HOME THEATER & SOUND -- DVD Review



Beethoven
Fidelio


October 2005

Reviewed by:
Wes Marshall

Format: DVD

(all ratings out of 5):
Overall Enjoyment

***1/2


Picture Quality

***

Packaged Extras

Sound Quality
***1/2
. .
Starring: Alfred Muff, Camilla Nylund, Elizabeth Magnuson, Jonas Kaufmann, Boguslaw Bidzinski, Christoph Strehl, László Polgár, Günther Groissböck, Gabriel Bermúdez, Zurich Opera House Chorus; Zurich Opera House Orchestra conducted by Nikolaus Harnoncourt Original Broadcast Date: 2004
DVD Release: 2005
Released by: TDK

Dolby Digital 5.1, DTS 5.1, PCM stereo
Widescreen

Pity poor Ludwig van Beethoven. He lived in an era when instrumental and orchestral composers weren’t considered important until they had managed to produce a hit opera. Straddling the Classical and Romantic eras, he was just a little too early for the heart-on-the-sleeve chamber sighs of Chopin or the rock-star theatrics of Liszt. Instead, he was caught in the epoch between Mozart and Rossini, and as great as he was, he still had to produce an opera to be considered a truly significant composer.

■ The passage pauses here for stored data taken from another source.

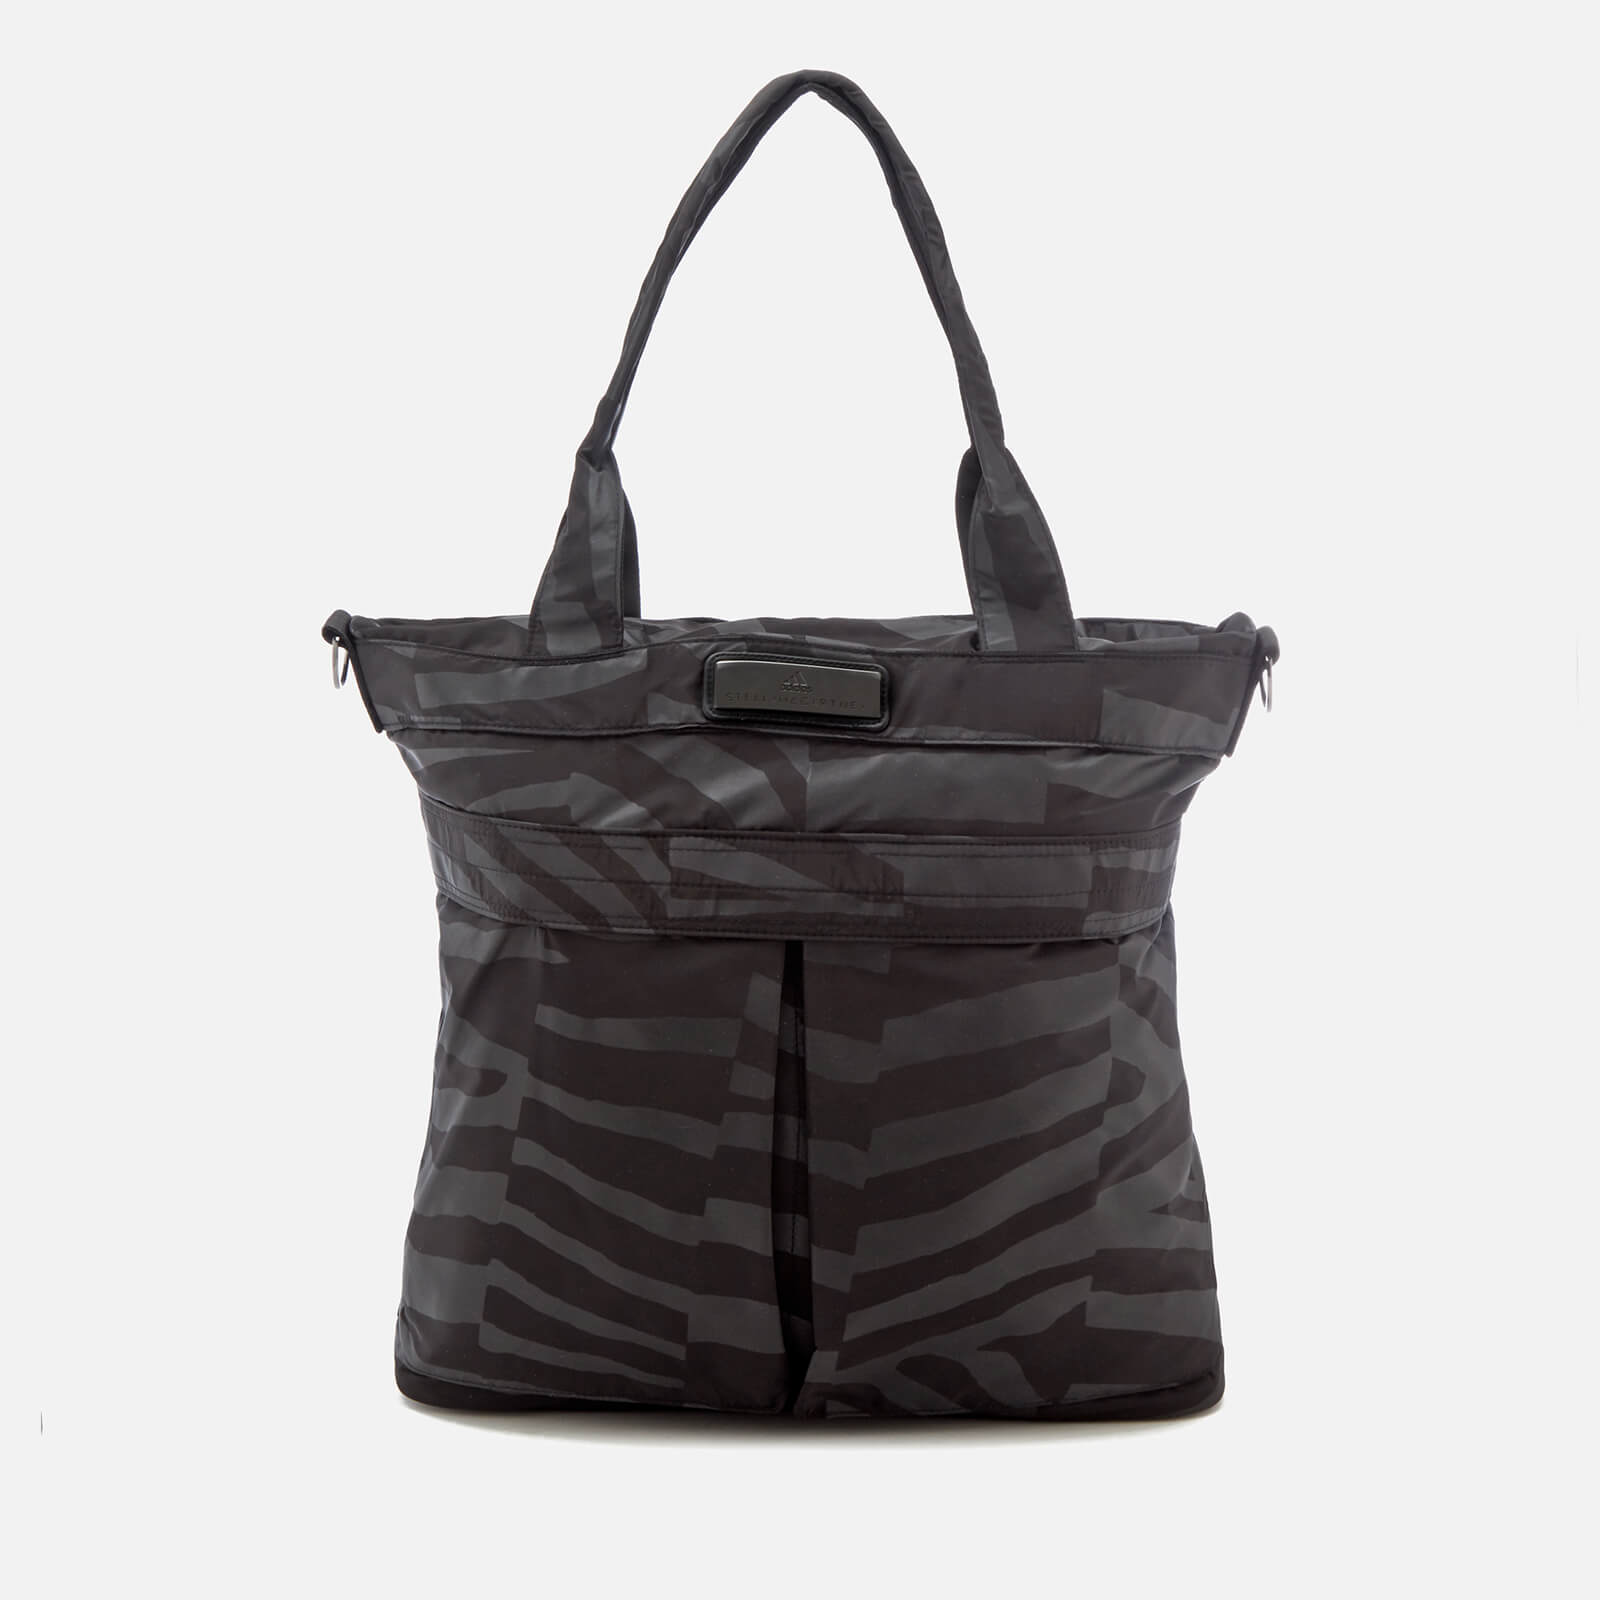 560bfa25 adidas by Stella McCartney Women's Essentials Tote Bag - Black/Gun Metal/ White - Free UK Delivery over £50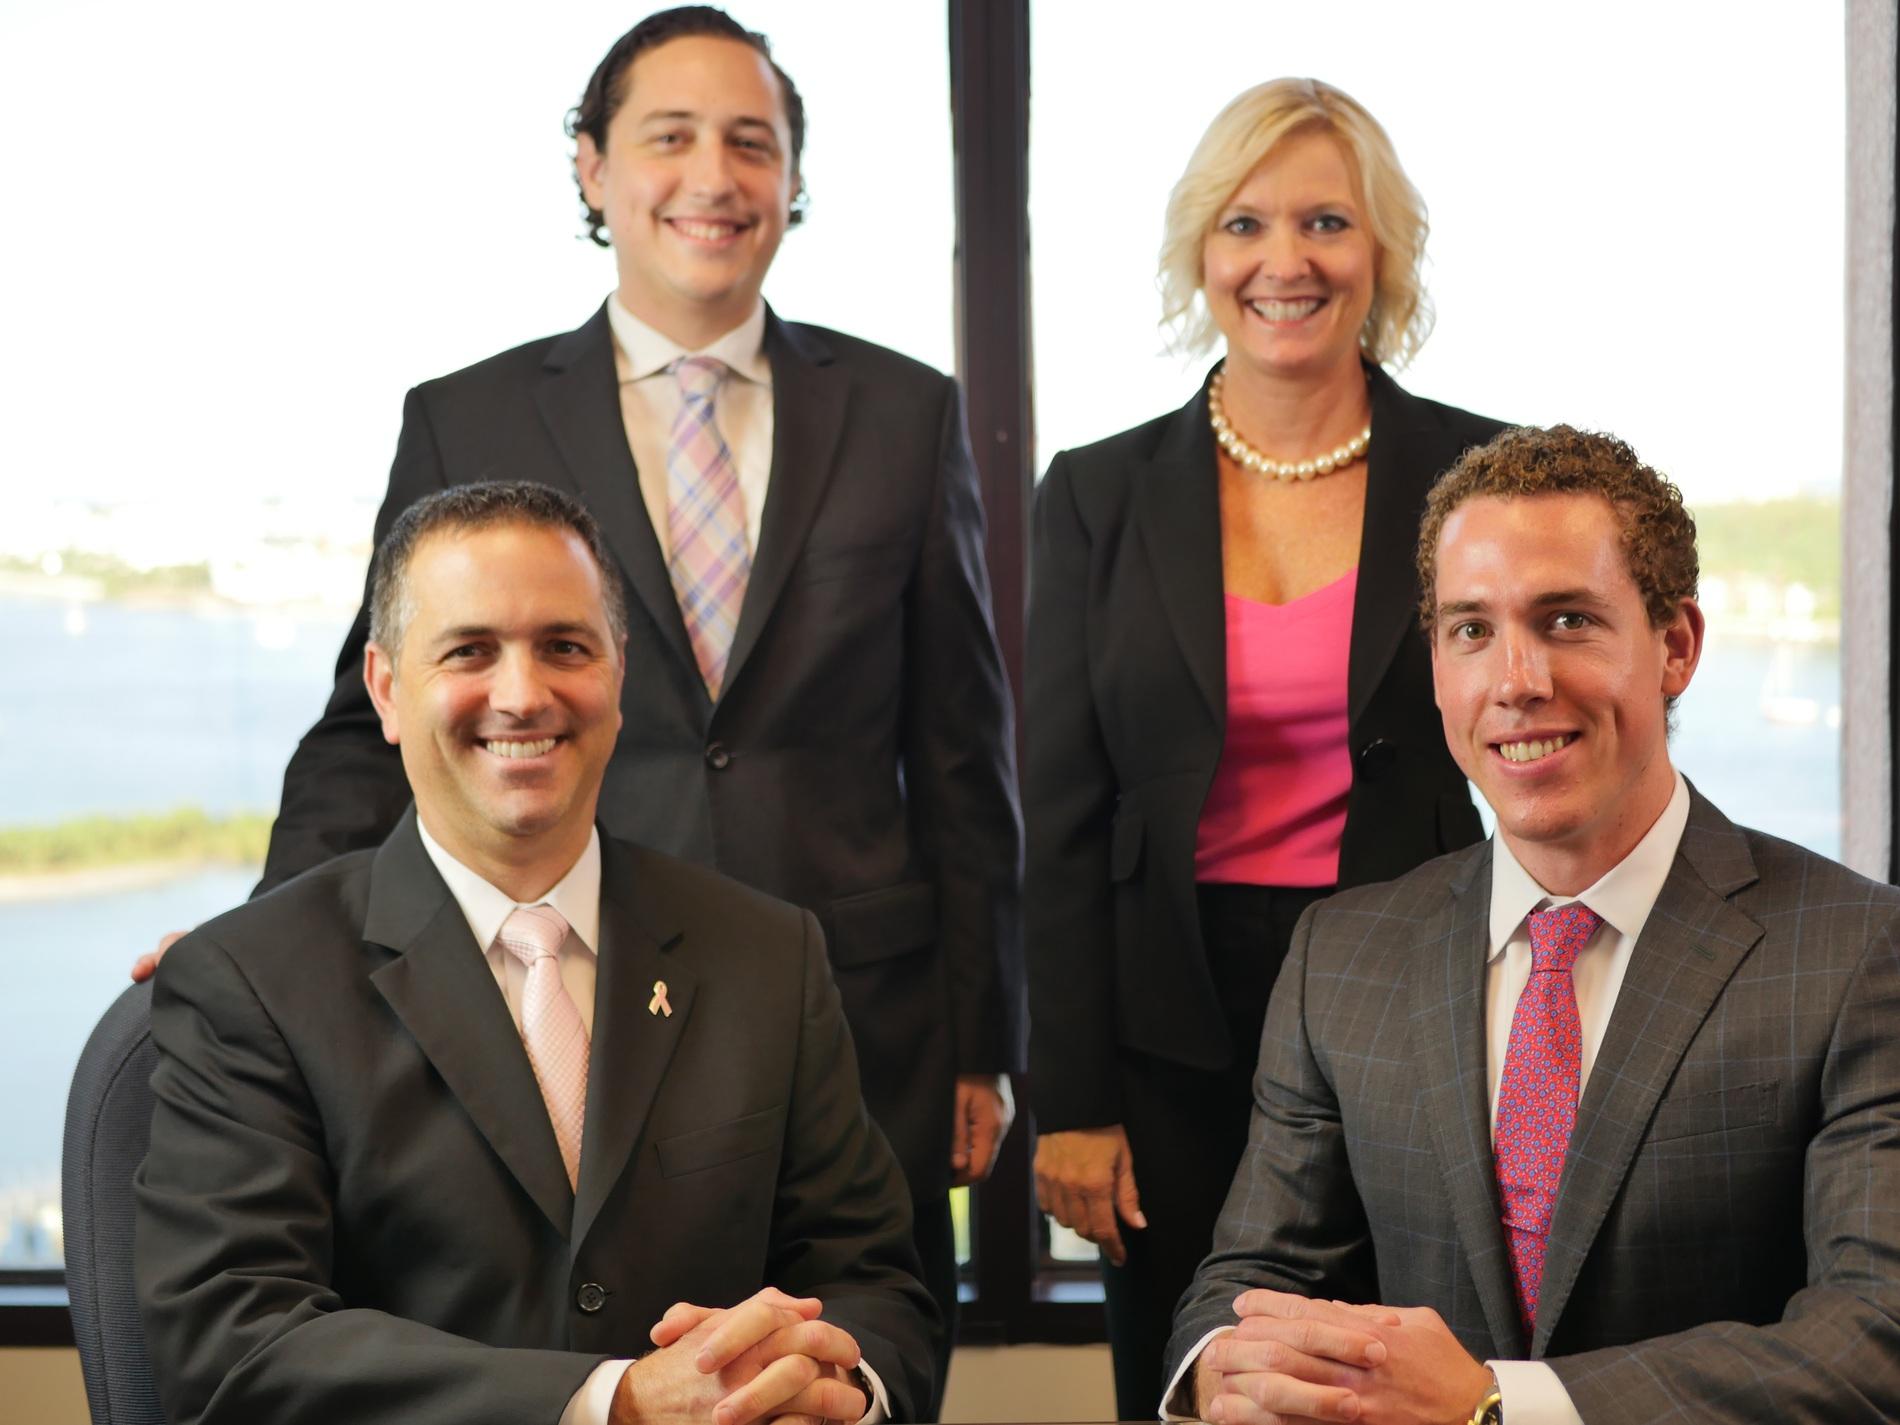 The Nickler Group   West Palm Beach, FL   Morgan Stanley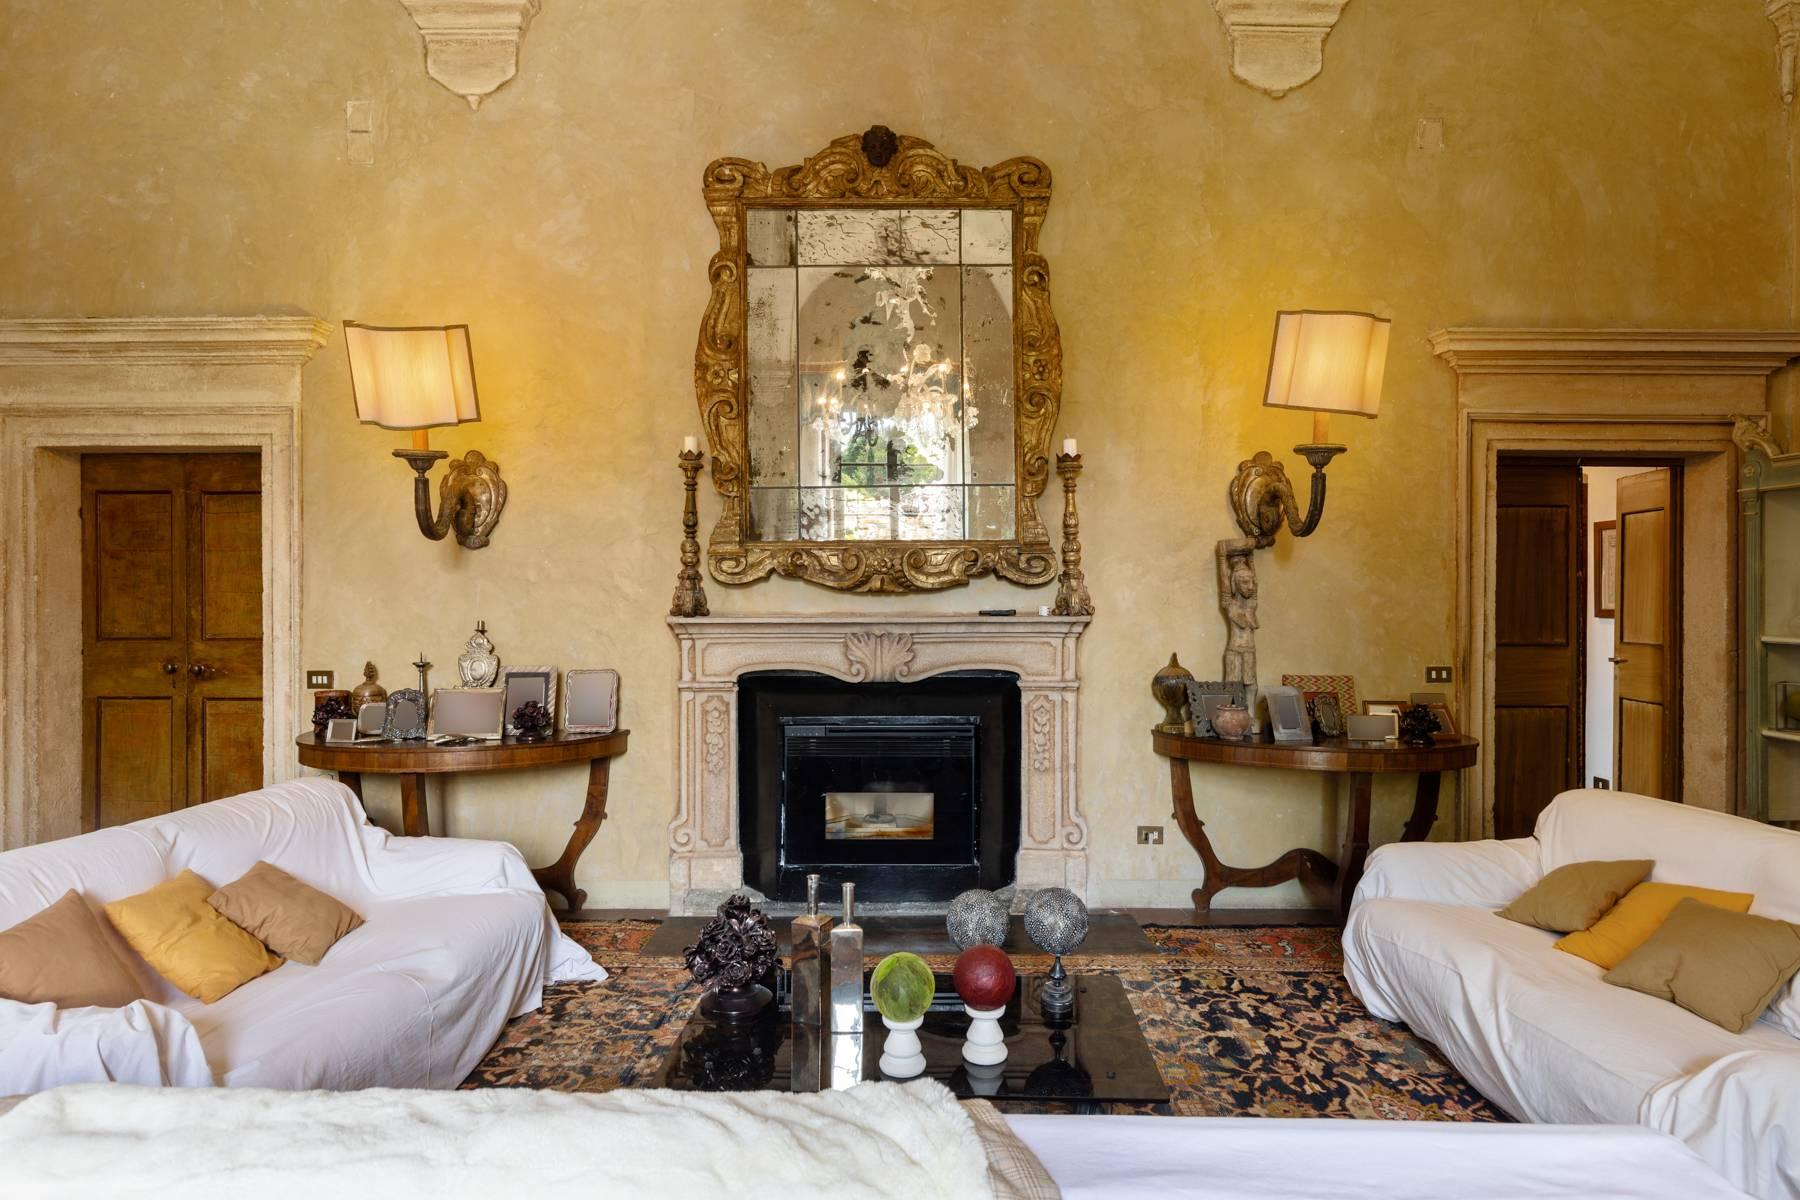 Villa in Vendita a Verona: 5 locali, 2400 mq - Foto 20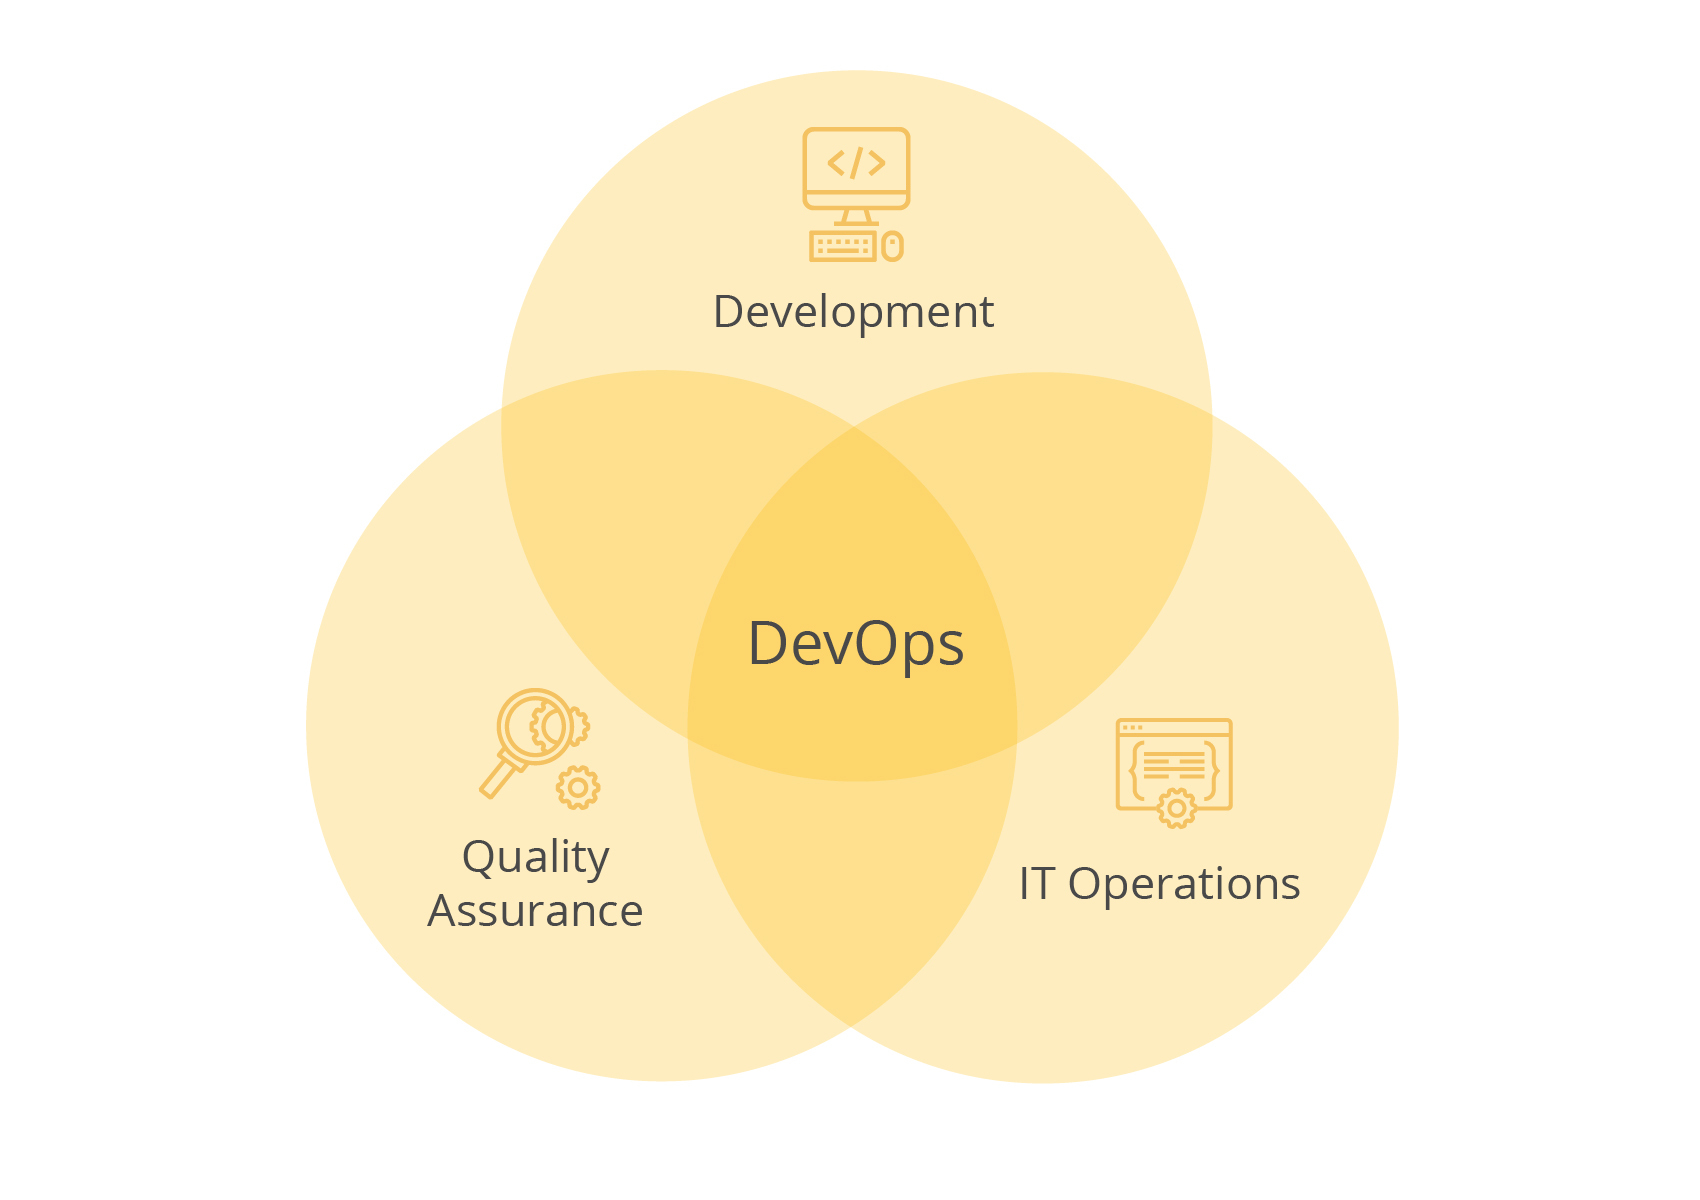 devops roles and responsibilities

He certainly had the ability to write memorable tunes and dramatic music. But he was lacking one significant trait common to successful opera composers: patience. Whether with singers, conductors or hyper-inflated impresarios, Beethoven’s temper and perfectionism (not to mention his growing deafness) threw a big damper on his relationships with the people he needed to make an opera a success.

His first and only opera, then titled Leonore, was completed in 1805. But just before the premier, the French invaded Vienna and all of Beethoven’s fans fled the city. The opera played to empty houses and was largely forgotten. The next year, Beethoven made significant changes to the opera and was ready to show it to the returned Viennese. But Beethoven got into a shouting match with the impresario after the second performance, took his scores, and left.

Eight years later, Beethoven retuned the work, now called Fidelio, with substantial changes to the orchestral parts and a new overture. This time, the work met with approval, partly because Beethoven, by 1814, was famous. Despite the tinkering and the years of work, this is not the classic you would expect from the man who wrote the Opus 130 String Quartet or the 32nd Piano Sonata. Alas, Fidelio is second-rate Beethoven, but second-rate Beethoven beats most others’ first-rate work.

The story has to do with a prison and a wife’s hope to free her husband by entering the jail incognito as a man working as a jailer. A lot happens and the plotting is part of the fun, so I’ll let you discover it for yourself.

The present performance is from a European-TV release last year. The orchestra is not famous, but it plays with energy and precision. It is under the baton of one of the world’s great conductors, Nikolaus Harnoncourt, who provides dramatic tuttis and gentle, floating pads of sound in the more emotional arias and duets. Listen especially to chapter 17, "Abscheulicher," for his masterful control of balance and emotion. That’s also a good time to hear Camilla Nylund, as Leonore (masquerading as Fidelio). Conductor and singer fit together perfectly as she floats quiet notes over the hall then jumps into stark emotional outbursts. The singers are all fairly unknown, but that shouldn’t stop you from buying this set. They are, to a person, superb.

The set design, sadly, reflects what we so often see in European circles these days. Minimalism is supposed to equal cool, detached intellectualism with a soupçon of ironic disdain for us bourgeois operagoers who still love the "Grand" in Grand Opera. Certainly, we are dealing with prison life, and I’m not asking for gowns or chariots, but please. This becomes pathetically stupid in chapter 20, when Harnoncourt is drawing some of the most sublimely gorgeous sounds I’ve ever heard from Fidelio as the prisoners sing en choir. Close your eyes and listen, because if you watch, you’ll fall off the sofa laughing.

The picture is good, if slightly fuzzy, and the sound is very good, with the DTS track being the best. As is becoming numbingly common, there are no -- zero -- extras. Come on, people. You could at least film a rehearsal! Or how about finding a good music professor to give an illustrated talk about the opera?

There are two other Fidelios available on DVD, each with its detractors. All three try to do something to jazz up the opera, whether it’s through odd staging or weird directing. Here’s what I’d like to see: a conductor like Roger Norrington, who digs through original manuscripts to find the truth in a piece, aided by some classicists in the realm of art and stage direction who want to re-create Beethoven’s vision. Then give them some good singers, a sharp orchestra and a film director who knows how to be invisible. Then we’ll have our Fidelio. Until then, this one will do.